• [What to work on]:
Copy the listing in full and exactly, omitting its images.

• [Data block]:
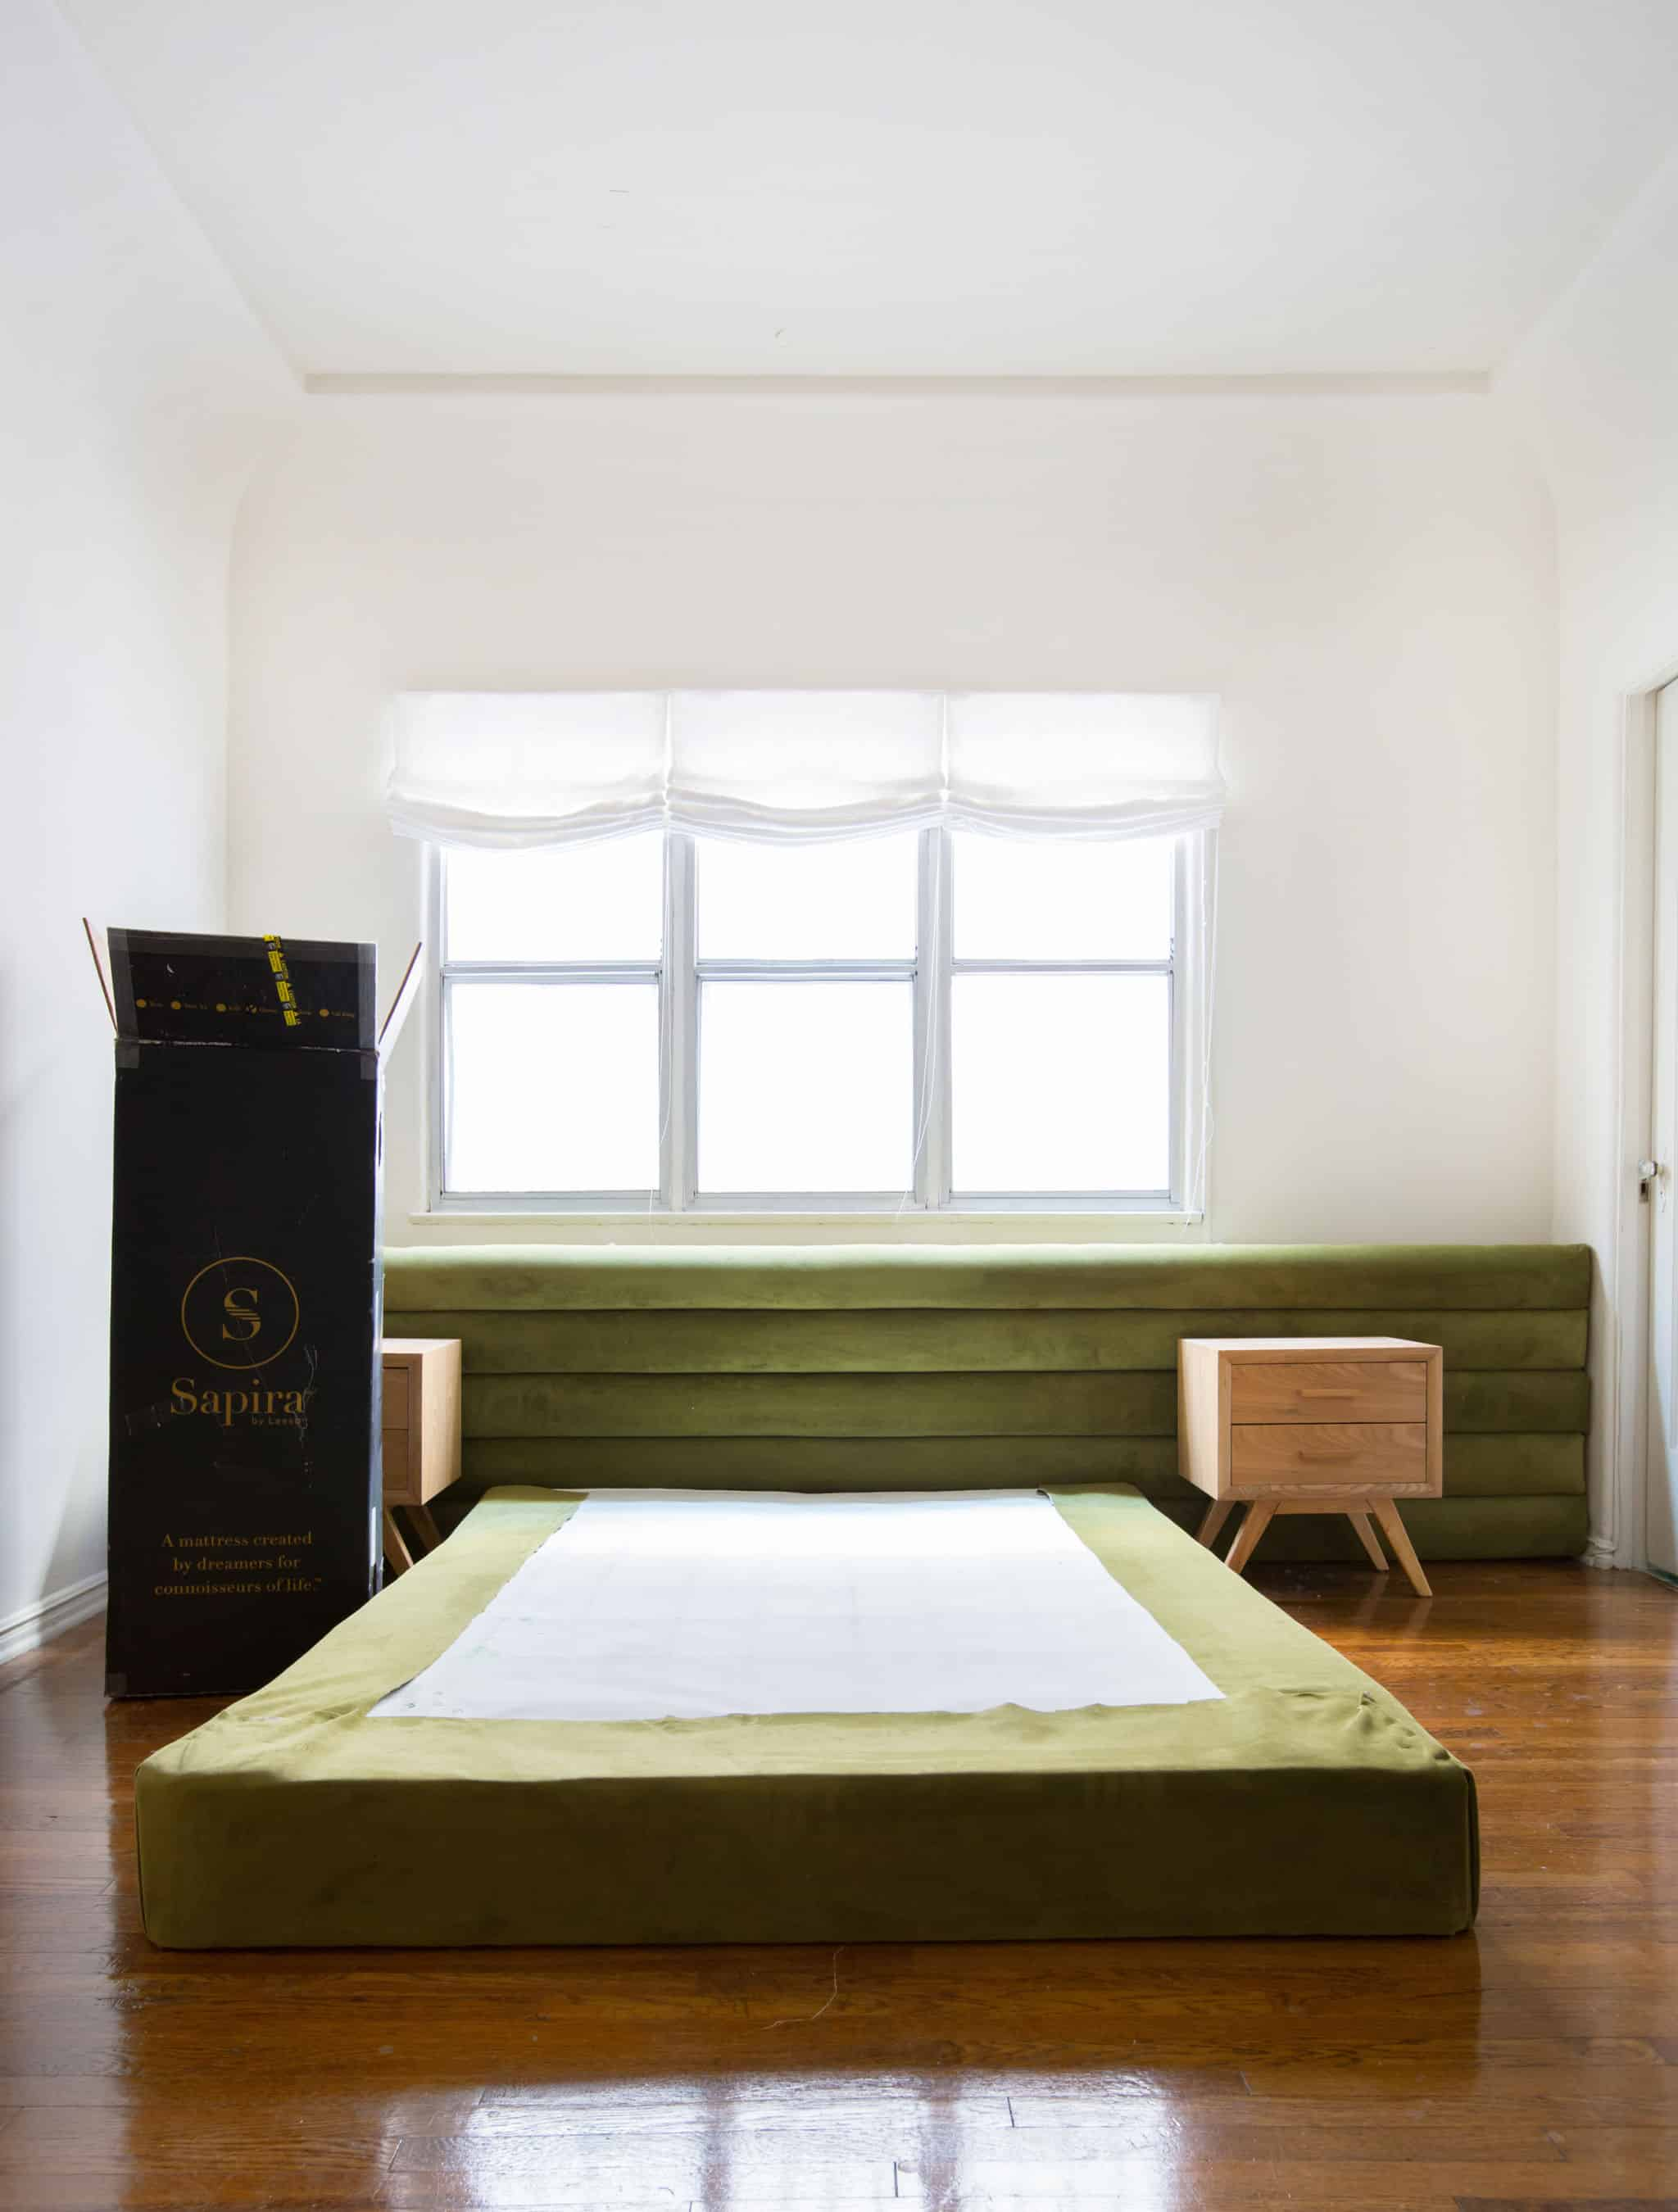 emily-henderson_sapira-mattress_diy-headboard_brady-tolbert_bedroom_green-velvet_channel-tufting_channel-tufted_masculine_boho_chic_headboard_1
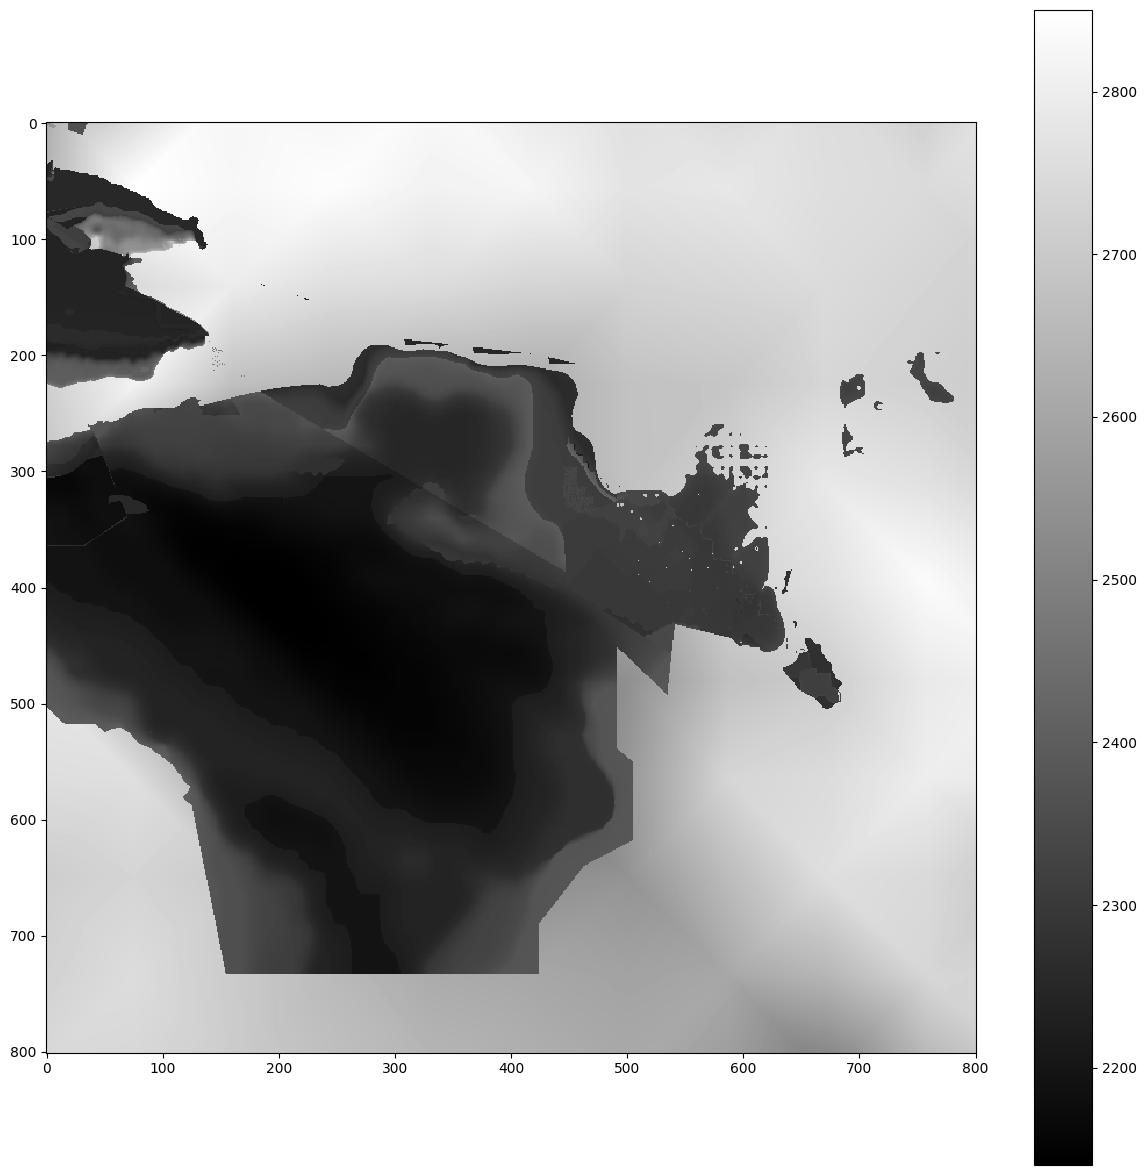 bench/seismic/wp/la_habra/meshes/velocity_model/plots/rho_500.png
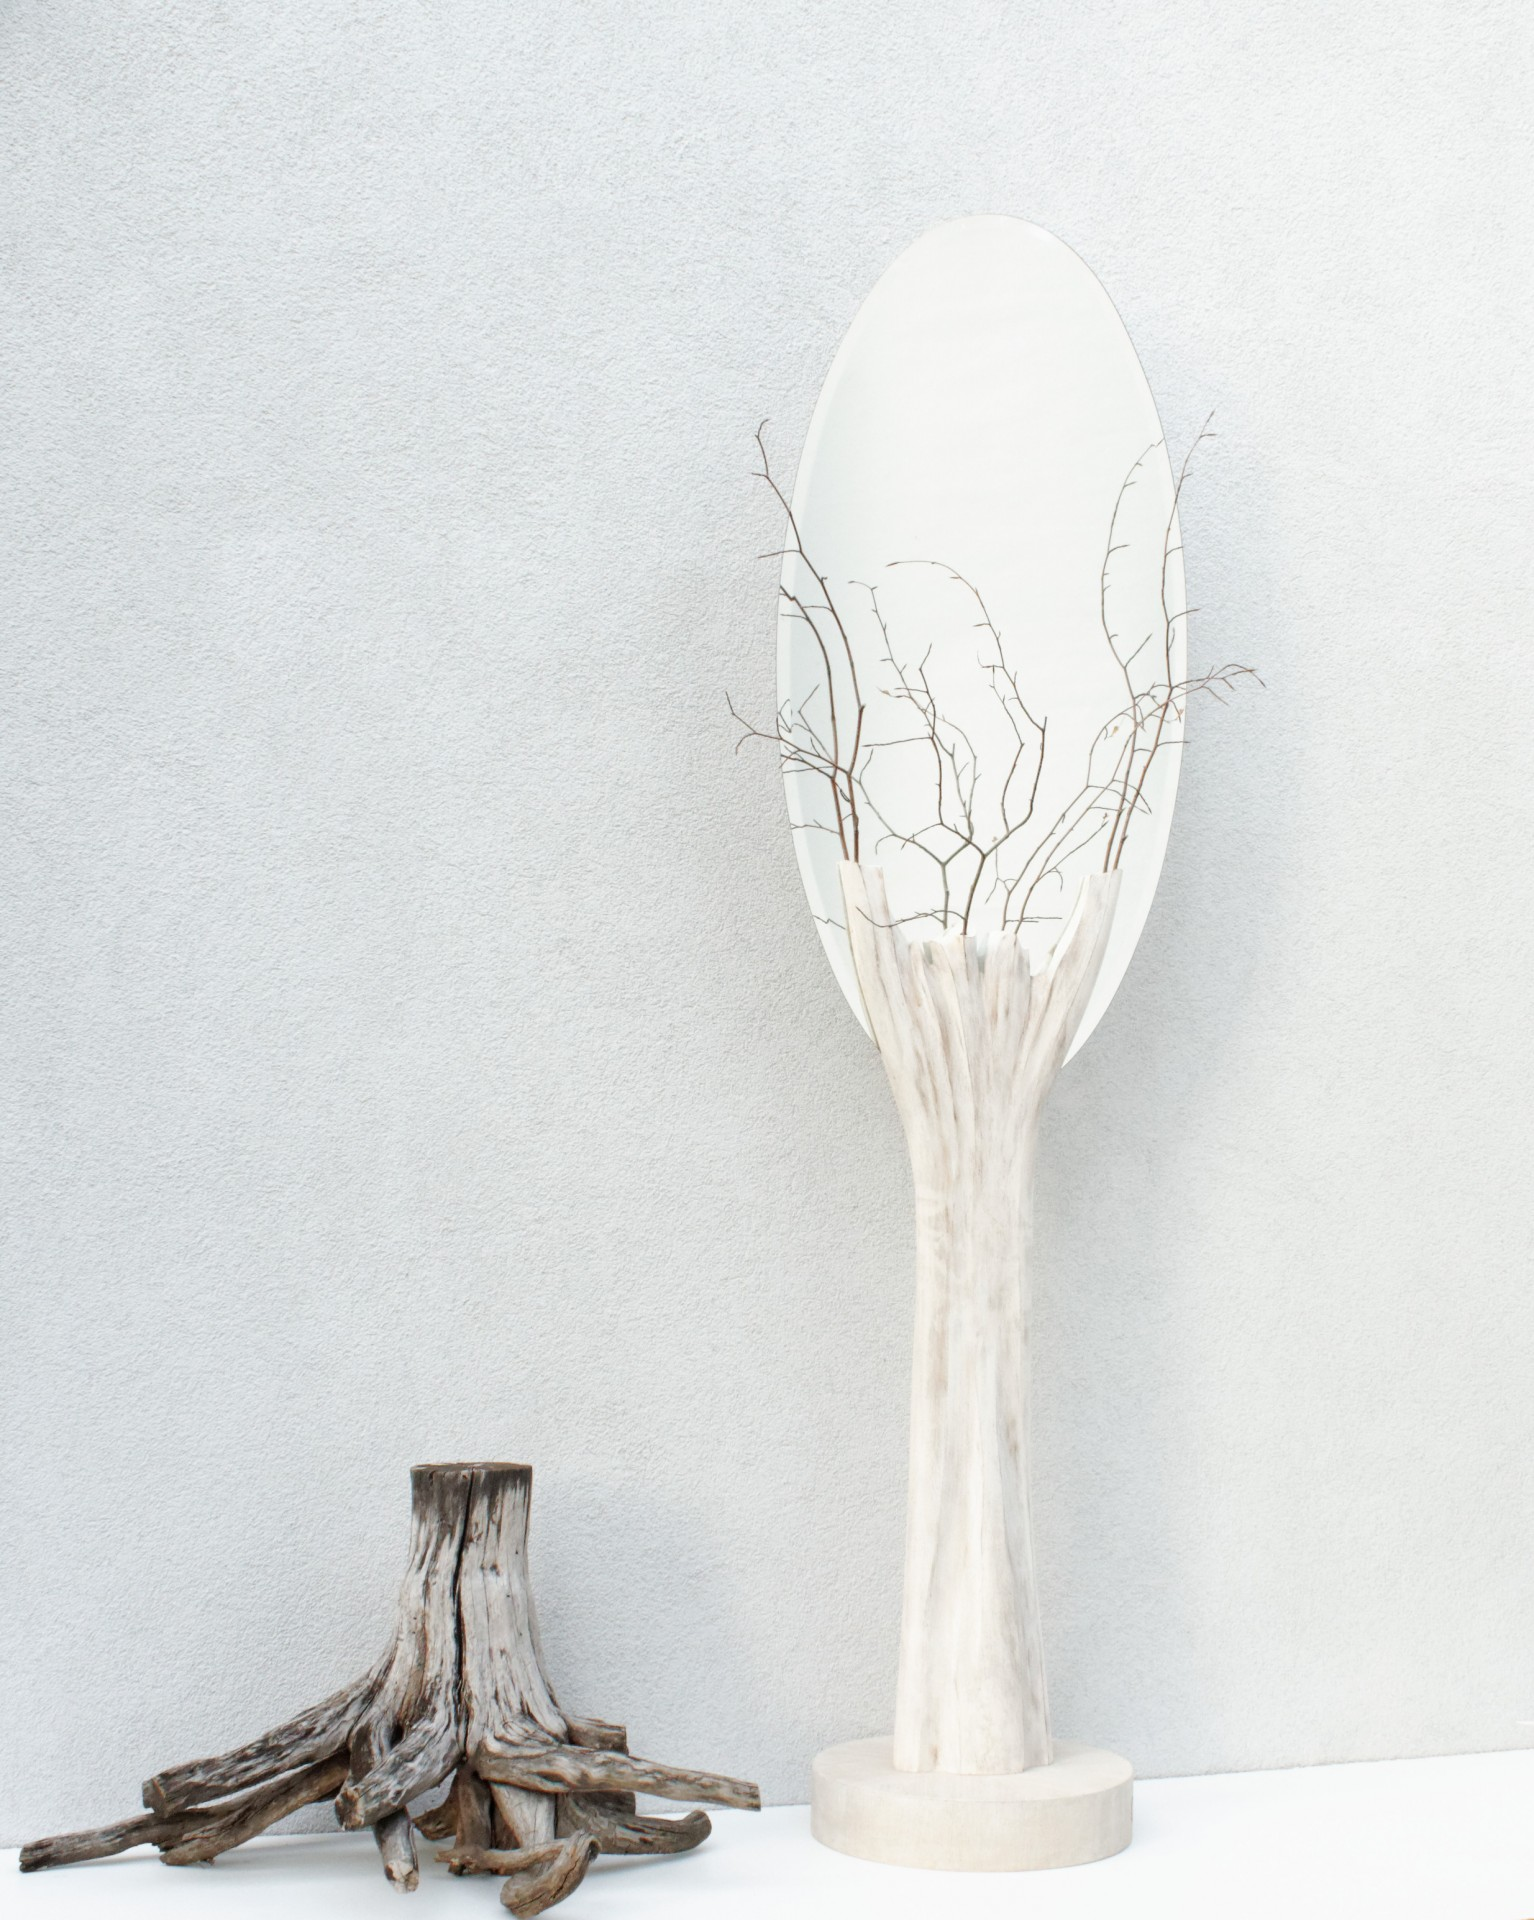 Unikatowe lustro stojące, lustro elipsa, rzeżba

• [Solved problem]:
 emily-henderson_sapira-mattress_diy-headboard_brady-tolbert_bedroom_green-velvet_channel-tufting_channel-tufted_masculine_boho_chic_headboard_1
 bench/seismic/wp/la_habra/meshes/velocity_model/plots/rho_500.png
 Unikatowe lustro stojące, lustro elipsa, rzeżba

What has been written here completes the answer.